THE BLACK FLAME presents intriguing ideas

Recepto Indablog reviews Stanley G. Weinbaum’s legendary tale The Black Flame, while making special mention of Tachyon restored edition.

(Translated poorly from the Spanish by Google Translate)

At the time of his death in December 1935, under his belt with a romance novel and a dozen long stories, mostly published in Wonder Stories and Astounding, which would be added many others, published posthumously in the next four years, and a couple of novels; one of them, “The Black Flame” with a haphazard publishing history.
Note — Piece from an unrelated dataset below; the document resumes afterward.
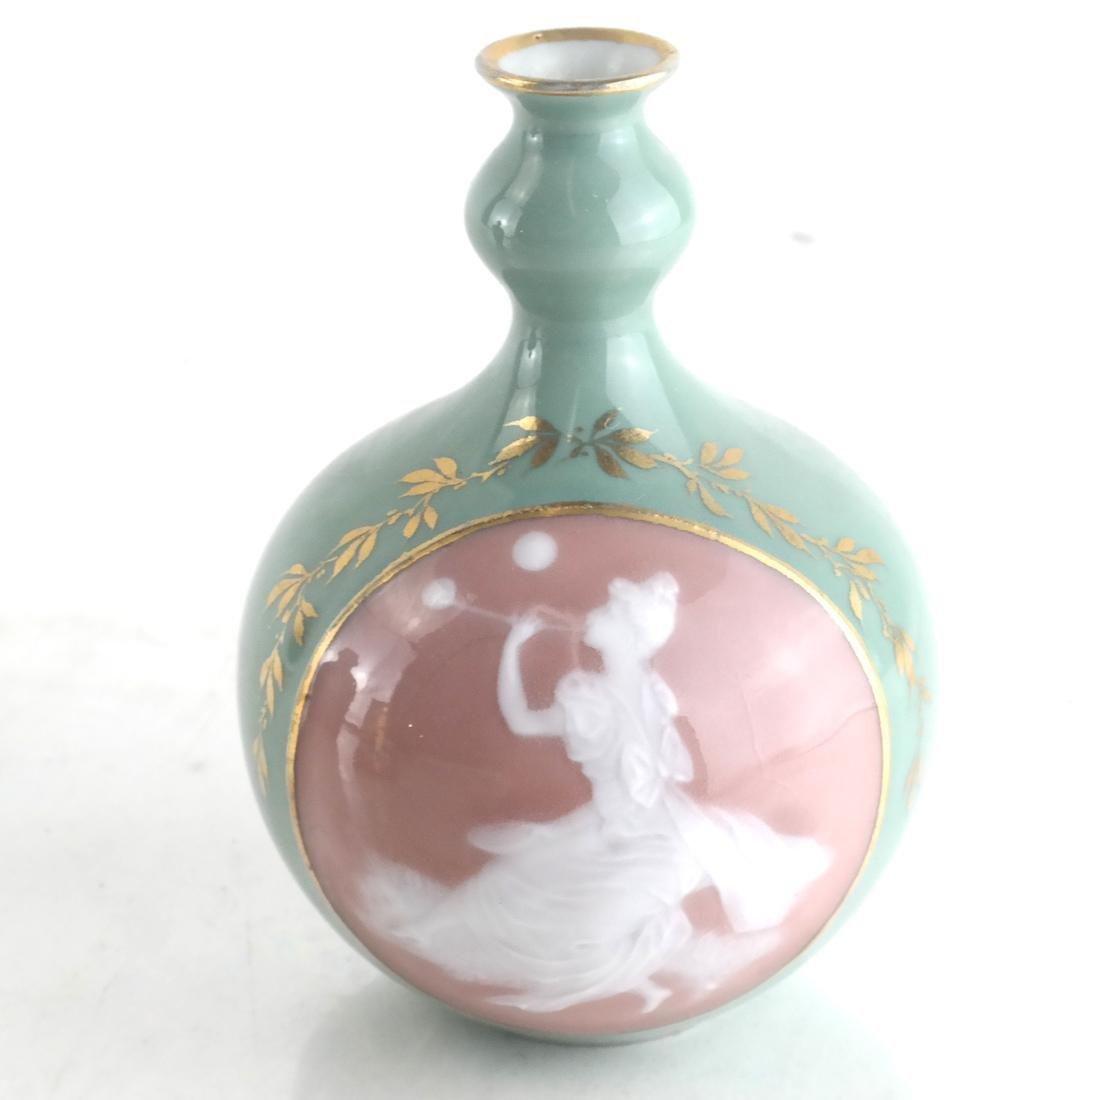 Three Decorated Porcelain Bud Vases - 2

“Black called it” actually consists of two texts, which possibly were never designed a coherent single narrative. On one side is the story “Dawn of Flame” (“Dawn of Flame”), which originally appeared in 1936 in a posthumous commemorative volume that gave title. Subsequently, in January 1939, a short novel, “The Black Flame” (“The black flame”) appeared as a highlight of the first issue of Startling Stories. In 1948, Fantasy Press them together in one volume, with editions in 1953 (Harlequin Books) and 1970 (Avon Books). It is the latter which apparently took as a starting point Labyrinth Library for the Spanish edition of 2006 on which this review is based.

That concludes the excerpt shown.